Я отпросился подышать на лестницу, за трубой мусоропровода нашел сплющенный картонный коробок, постелил на ступеньку, тепло – так можно долго просидеть; угомонится лифт, эти страдальческие лязги и всплывания по зарешеченной глотке…
– Что с тобой? Ты хорошо себя чувствуешь? Правда, все в порядке? Ох, я так испугалась. Тебя нет и нет. Хочешь, вместе здесь посидим? – И втиснулась рядом. Надо же разделять все, растворяться в нем, жить его интересами – необычно и волнующе пахла, сколько трат и приготовлений. – Как ты встретился с Бирюковой? Кого-нибудь еще поискать? У тебя правда ничего не болит?

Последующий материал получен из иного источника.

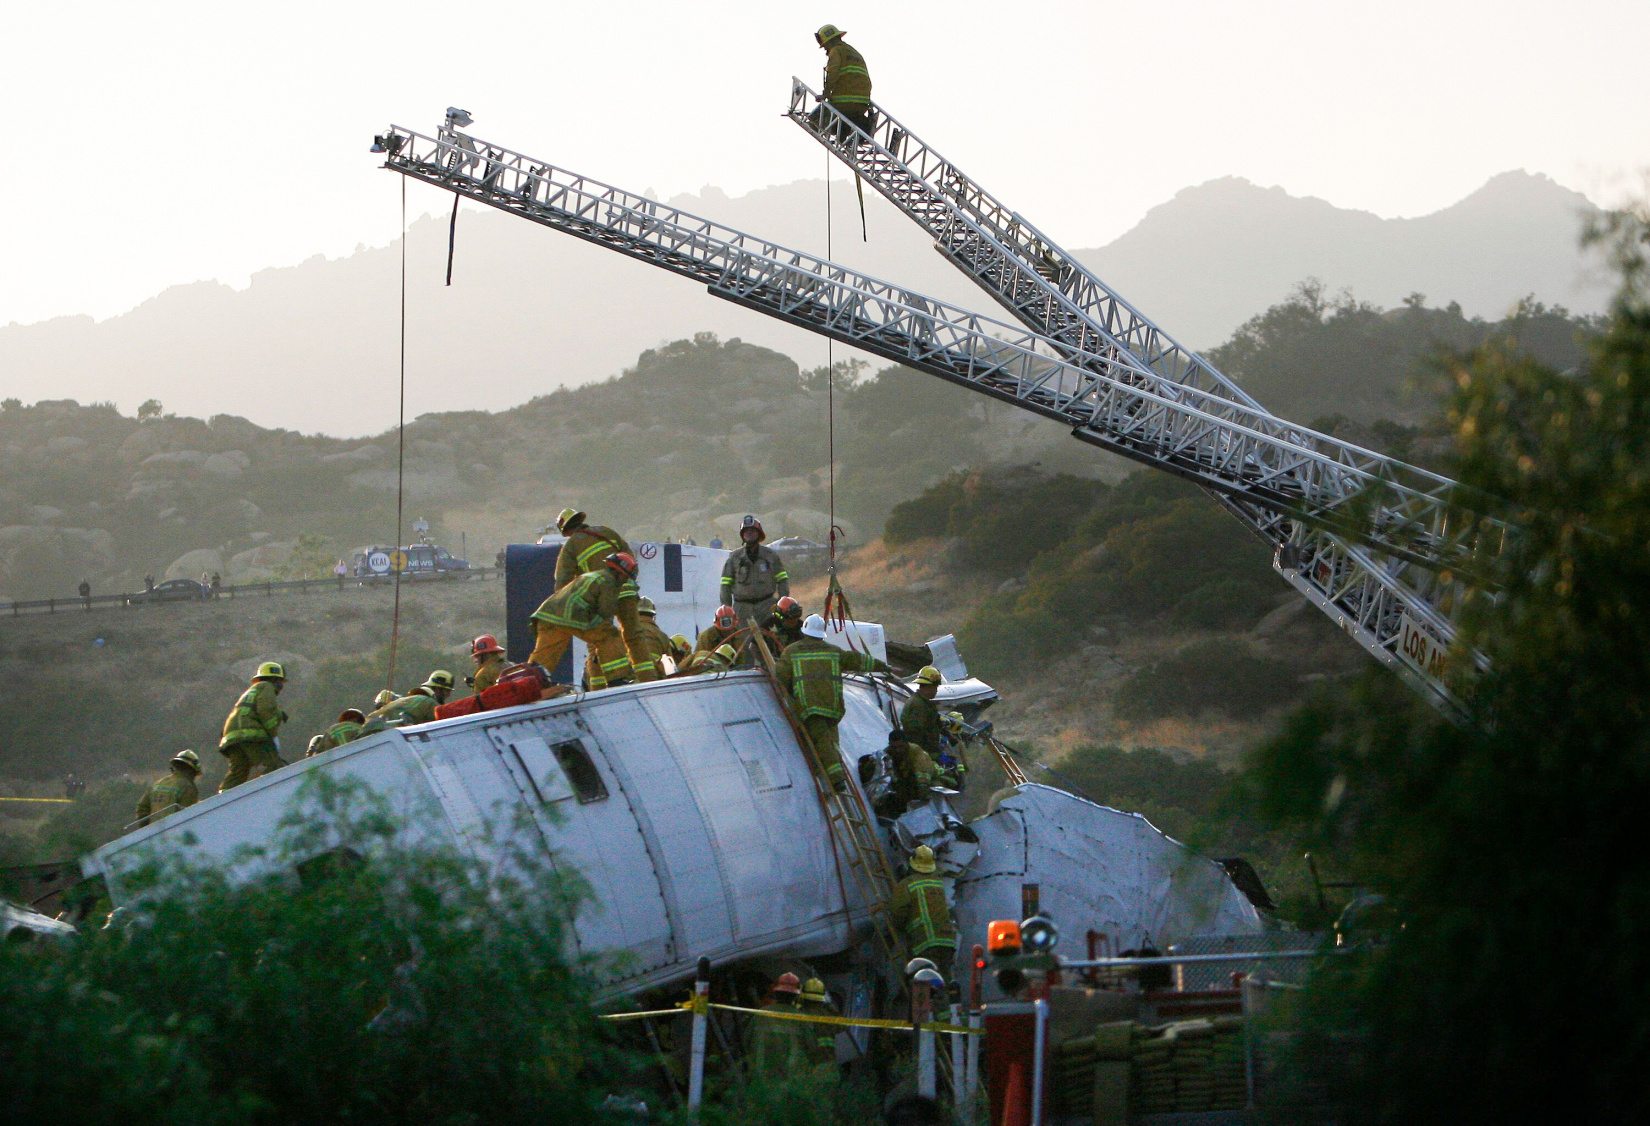 (LC: 20. juuli-22) Tuletõrjujad töötavad ohvri päästmiseks pärast seda, kui Metrolinki linnalähirong, mis oli teel Los Angelese Unioni jaamast Oxnardi, põrkas 12. septembril 2008 Chatsworthi piirkonnas kokku kaubarongiga. Üle 300 tuletõrjuja töötab leekide summutamise nimel. ja päästa ohvreid, teatas Los Angelese tuletõrje. Pildi krediit: Alamy | REUTERS/Gus Ruelas (ÜHENDRIIGID) | ID: 2D1M052
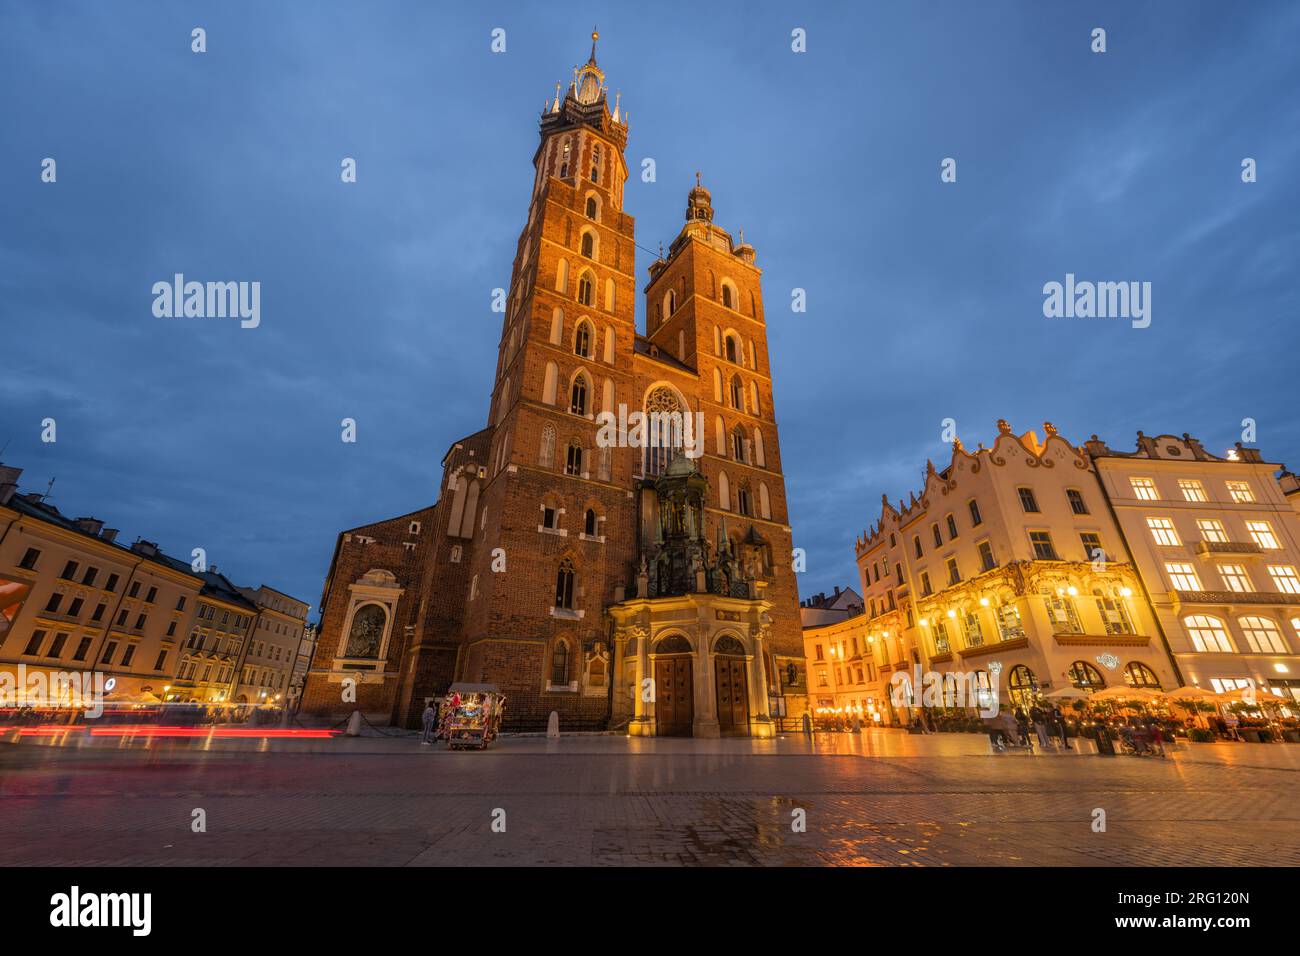 Main Market Square (Rynek Glowny) with Sukiennice (Cloth Hall) and St. Mary's (Mariacki) Church, Poland, Krakow. Stock Photo

Болит – Бирюкова за что-то оправдывалась. Отдавала должное, но виновато, с излишним размахом и спешкой. На ее личной правде я успел заметить мелькнувшую бледненькую тень соперничества. Фотографии лучшей подруги, уставшей жить, не уничтожают. Все устрашающе повторялось, как и с бабушкой – …красота, множащиеся мужья и любовники, тени, уклончивость окружающей местности, и теперь мне тоскливо казалось (может, просто вечер, ночь, надо ждать утра, и покажется легче), что там виноват не один, там еще какие-то… я слышу, долетают слова, восклицания и слоги.
– Мне нужны. Карина Проскурина – свидетельница на свадьбе. Натэлла – вторая жена Петра Вознесенского, медицинский работник, предположительно из поликлиники, где обслуживался Моссовет. И прежде всего – Степан Мезенцов, муж Ольги Вознесенской, муж Ольги Бирюковой, связан, кажется, с телевидением.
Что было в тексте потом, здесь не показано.